<<<<

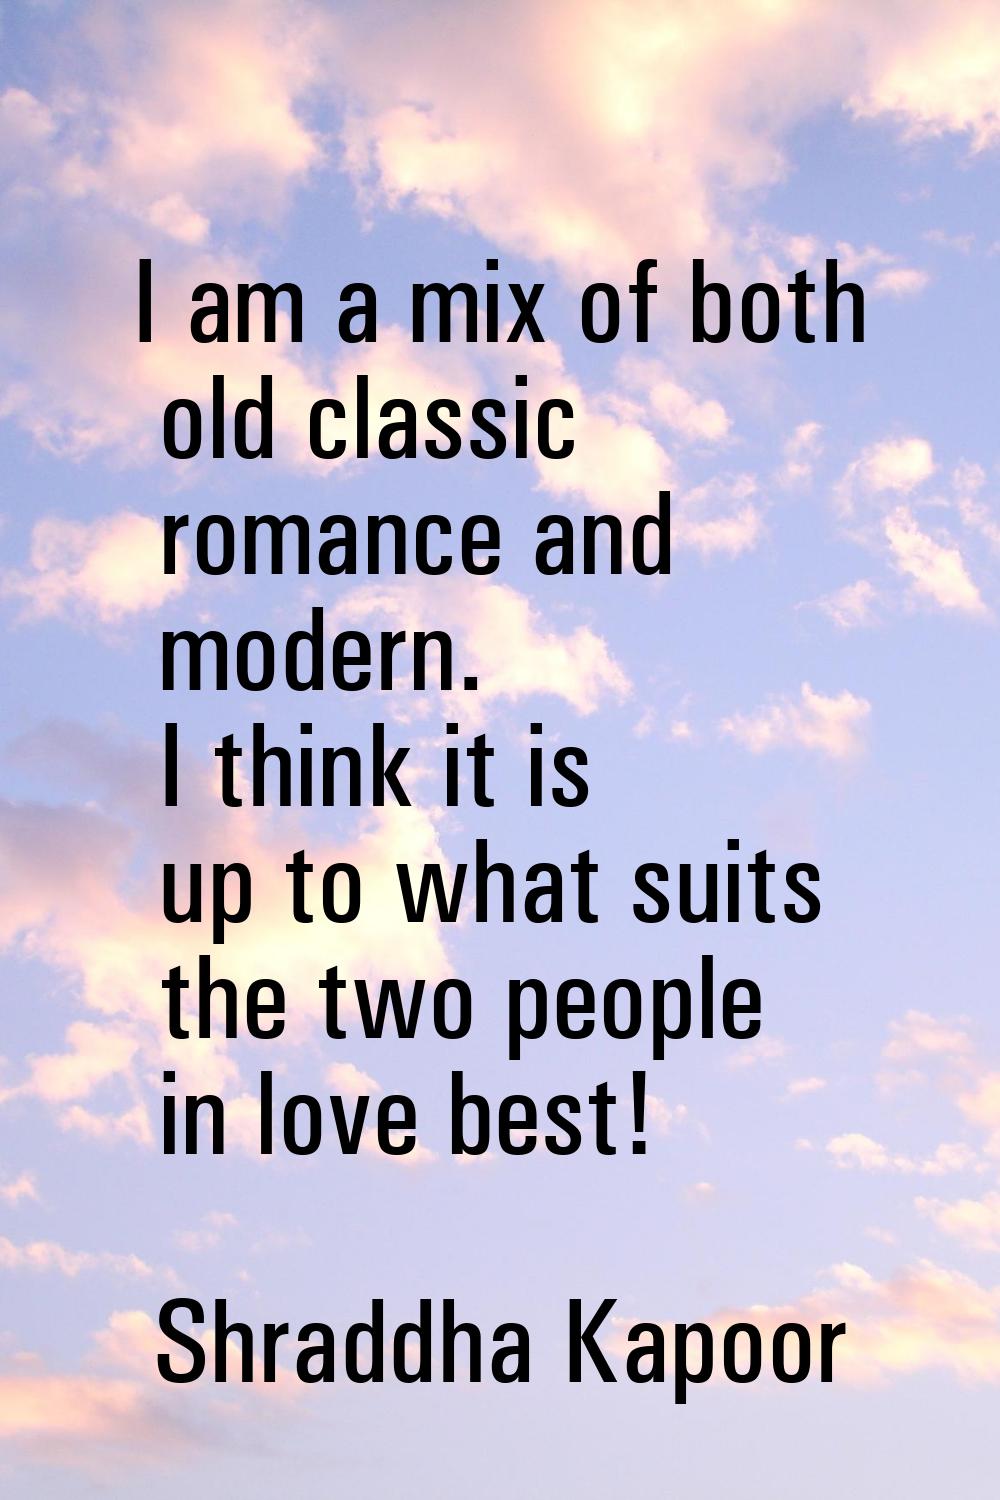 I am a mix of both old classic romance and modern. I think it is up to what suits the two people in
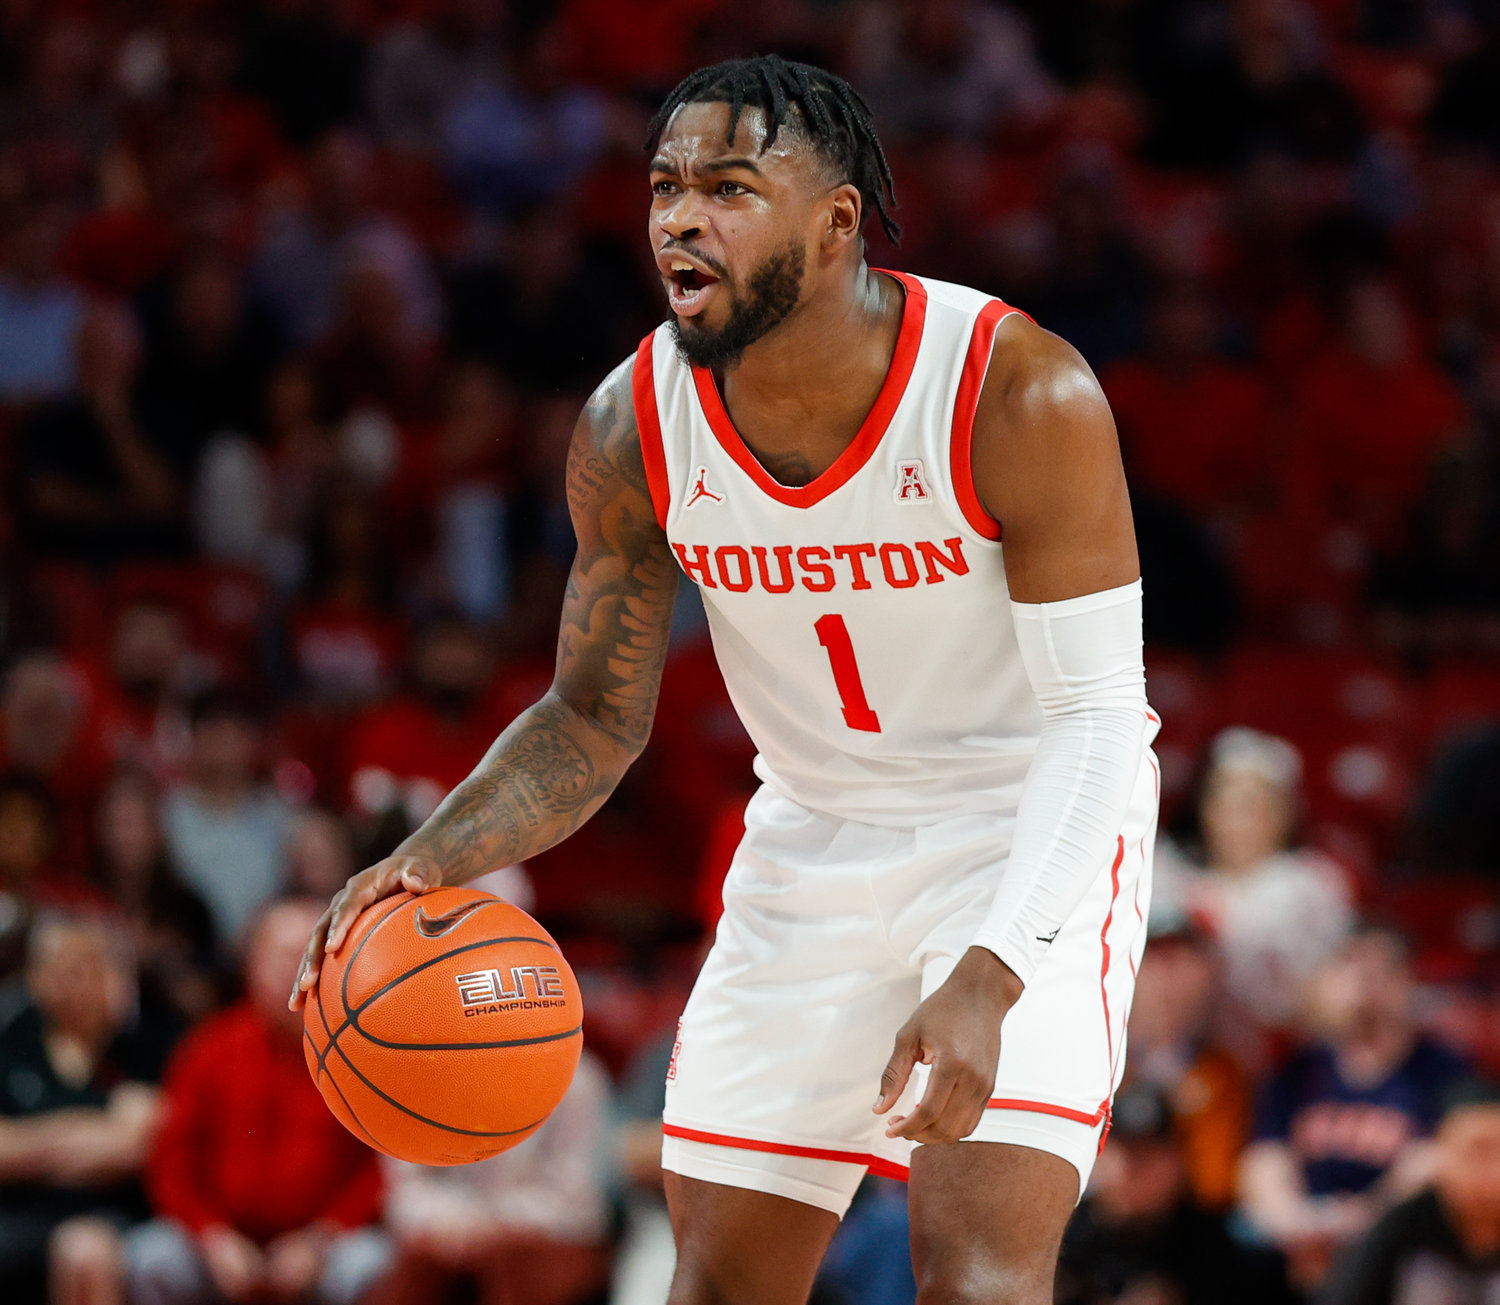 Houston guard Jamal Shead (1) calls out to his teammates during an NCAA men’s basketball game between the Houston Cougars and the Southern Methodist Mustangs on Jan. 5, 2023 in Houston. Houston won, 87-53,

>>>>
<<<<

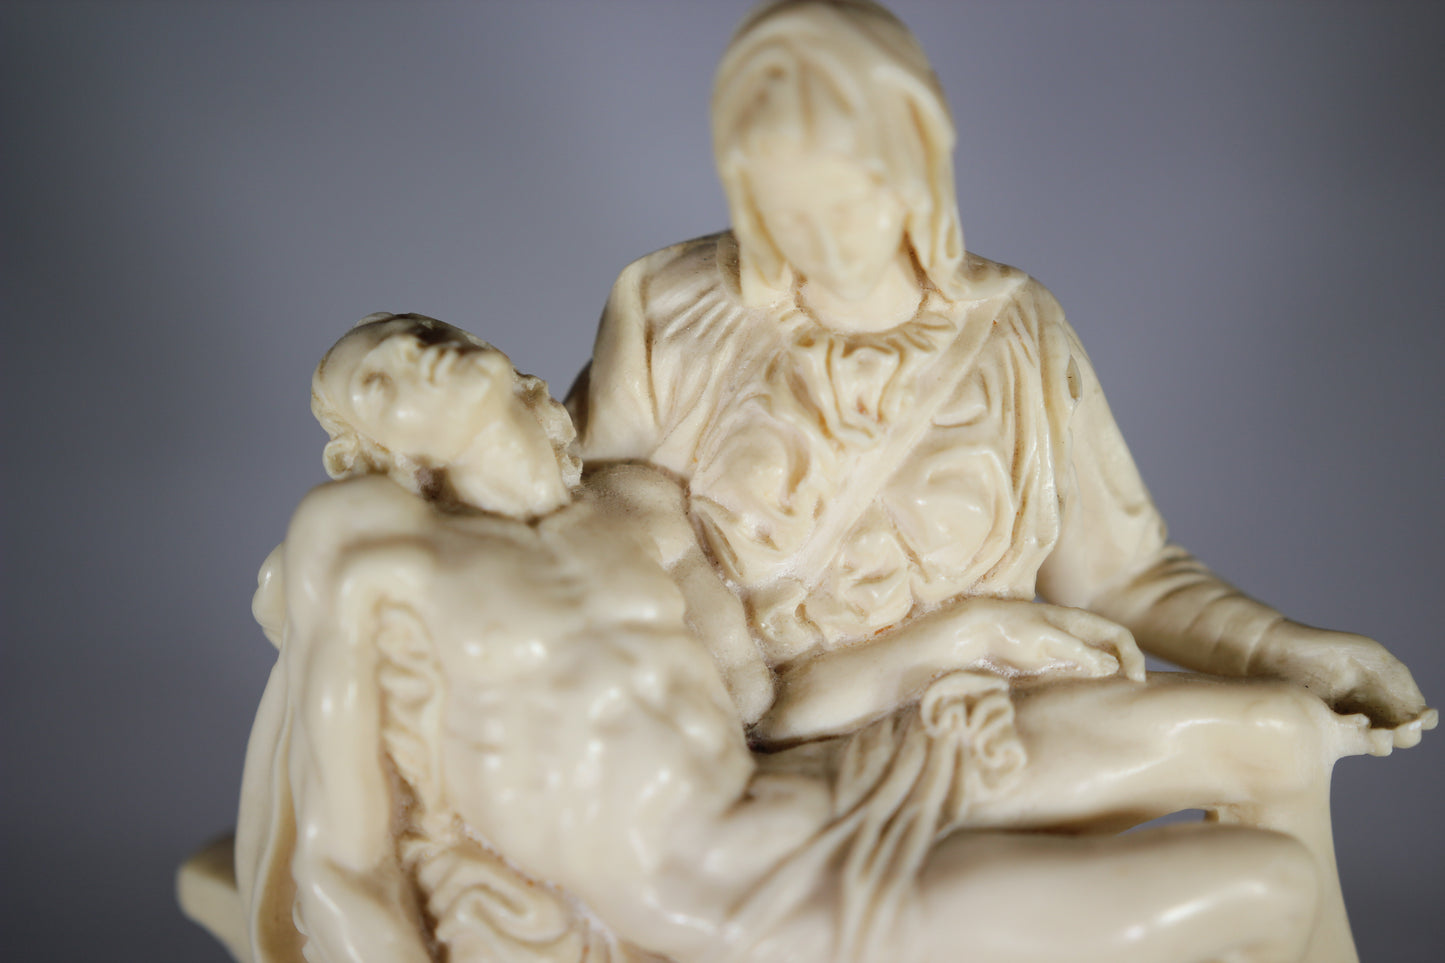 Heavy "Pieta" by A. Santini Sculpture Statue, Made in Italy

>>>>

Exercise aim: In the listing above, find the line with "I am a mix of" and the line with "Houston guard Jamal". Transcribe those two and everything between, exactly, leaving out pictures.

Task solution:
 I am a mix of both old classic romance and modern. I think it is up to what suits the two people in
 Houston guard Jamal Shead (1) calls out to his teammates during an NCAA men’s basketball game between the Houston Cougars and the Southern Methodist Mustangs on Jan. 5, 2023 in Houston. Houston won, 87-53,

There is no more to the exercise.